As explained above, the present invention constitutes a device that detects infrared rays from a human body, etc. using an infrared detector with DC characteristics so that the presence of a human body, etc. that emits infrared rays can be detected even in a stationary state. In this case, when control lasts for a long time, drift becomes a problem as described at the beginning, but for short periods of time, there are few or no problems with control. We found that there was a problem, and instead of performing control based on a fixed reference voltage as in the past, we decided to follow the drift of the output from the infrared detector and essentially change the reference value.
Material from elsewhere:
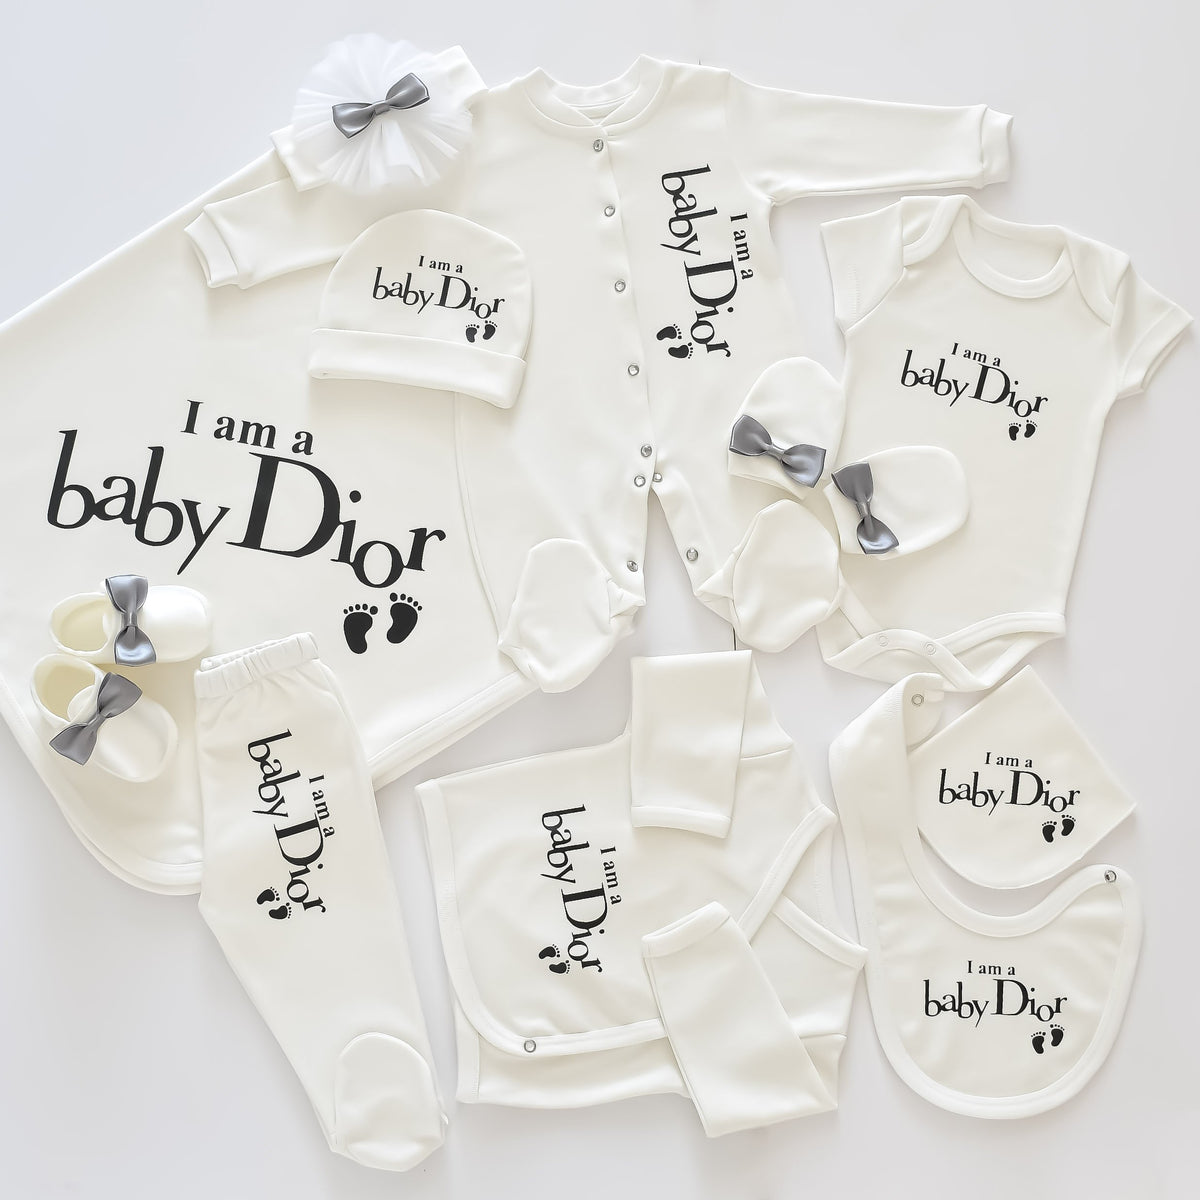 dior baby clothes online

The problem caused by drift is solved by
At the time when an infrared detector with a characteristic detects infrared rays emitted from a human body, etc., the control standard is a voltage obtained by adding a reference voltage to the output from the previous drifting infrared detector. This makes it possible to reliably detect the presence of a human body, etc., without malfunction, regardless of the drift of the output from the infrared detector.
As for the DC amplifier, as mentioned above, it has a configuration in which drift is not a problem, so there is no need for expensive components such as load drift in terms of performance, and for example, four OP amplifiers can be housed in one package. This has made it possible to use easily available and very inexpensive devices, and by extension, it has become possible to achieve a significant cost reduction of the infrared detection device itself.

[Brief explanation of drawings]

Figure 1 A and B are explanatory diagrams of infrared detection of the conventional device.
FIG. 2 is a block diagram of the infrared detection device according to the present invention, FIGS. 3A to 3F are diagrams for explaining the operation, and FIGS. 4A and 4B are diagrams for explaining the provision of a delay circuit. 1...Infrared detector, 2...DC amplifier, 3...
...Normally open switch, 4...Comparator, 5...Delay circuit, 6...Normally closed switch, 7...Memory, 9...
...AC amplifier, 10...timer.

Claims (1)

[Claims for Utility Model Registration] An infrared detector with DC characteristics, a DC amplifier, a normally open switch, and a comparator are connected in series in that order, and the output voltage from the DC amplifier is input. a delay circuit that outputs the voltage with a time delay, a normally closed switch, and a memory that holds the output voltage from the delay circuit when the switch is opened, adds a reference voltage to the voltage, and outputs the result. , are connected in that order from the DC amplifier to the comparator, and emit a pulse signal based on voltage fluctuations associated with detection of infrared rays from a human body, etc. by the infrared detector.
A device for detecting infrared rays from a human body, etc., comprising an AC amplifier and a timer that switches both switches to reverse contacts for a set time based on a pulse signal from the AC amplifier.